--- START ---

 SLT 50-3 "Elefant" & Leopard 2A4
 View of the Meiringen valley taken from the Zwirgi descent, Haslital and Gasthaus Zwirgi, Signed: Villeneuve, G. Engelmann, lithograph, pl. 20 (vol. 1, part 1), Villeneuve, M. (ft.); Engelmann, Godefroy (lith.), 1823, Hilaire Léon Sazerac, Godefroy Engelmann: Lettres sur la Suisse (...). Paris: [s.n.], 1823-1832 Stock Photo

--- END ---
--- START ---

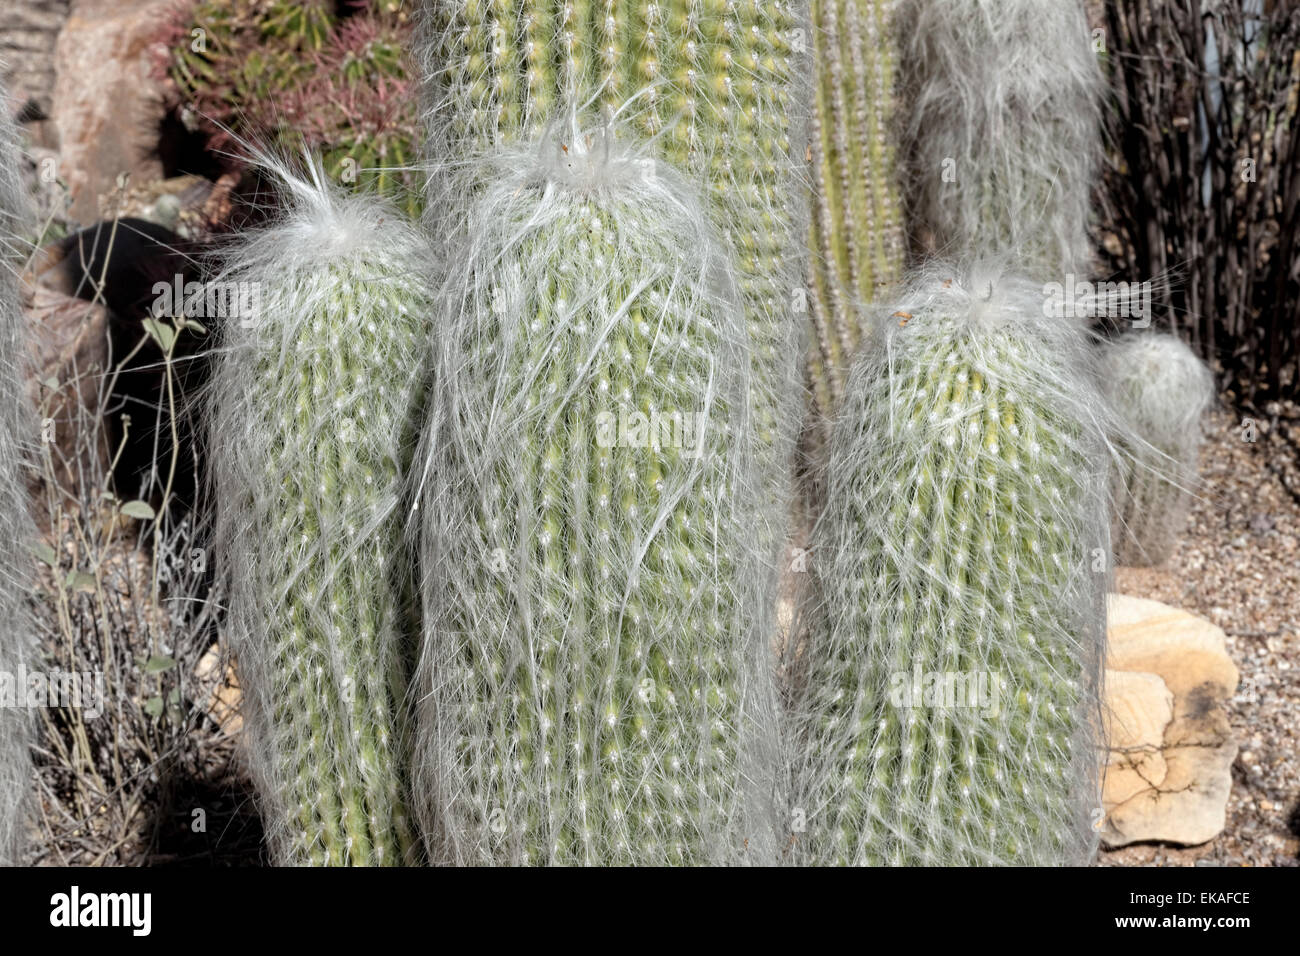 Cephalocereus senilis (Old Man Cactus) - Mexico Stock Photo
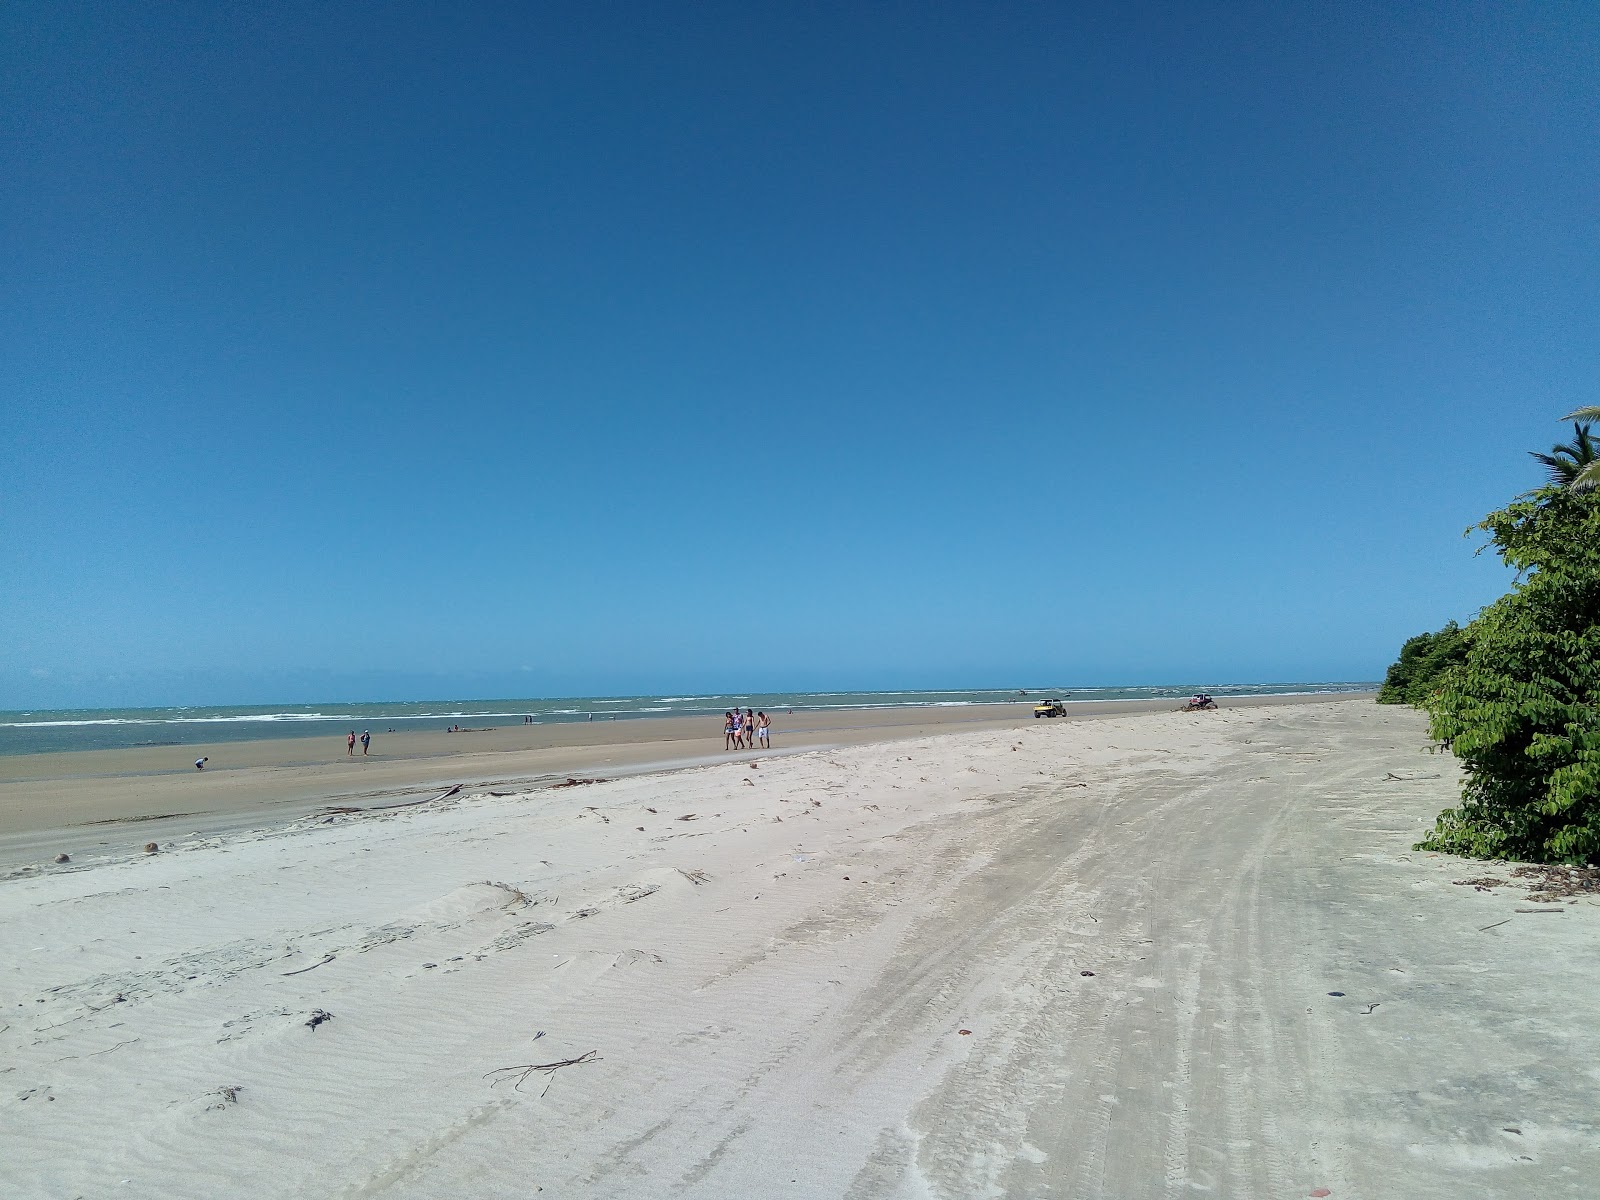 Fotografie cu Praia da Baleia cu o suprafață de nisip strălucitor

--- END ---
--- START ---

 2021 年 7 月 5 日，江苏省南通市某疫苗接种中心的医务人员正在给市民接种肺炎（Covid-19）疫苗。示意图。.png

--- END ---

The result should be an exact copy of only the lines above from the one that holds "Cephalocereus senilis (Old" through the one that holds "Fotografie cu Praia", both ends included, without pictures.

* _RESPONSE TO THE TASK_:
 Cephalocereus senilis (Old Man Cactus) - Mexico Stock Photo
 Fotografie cu Praia da Baleia cu o suprafață de nisip strălucitor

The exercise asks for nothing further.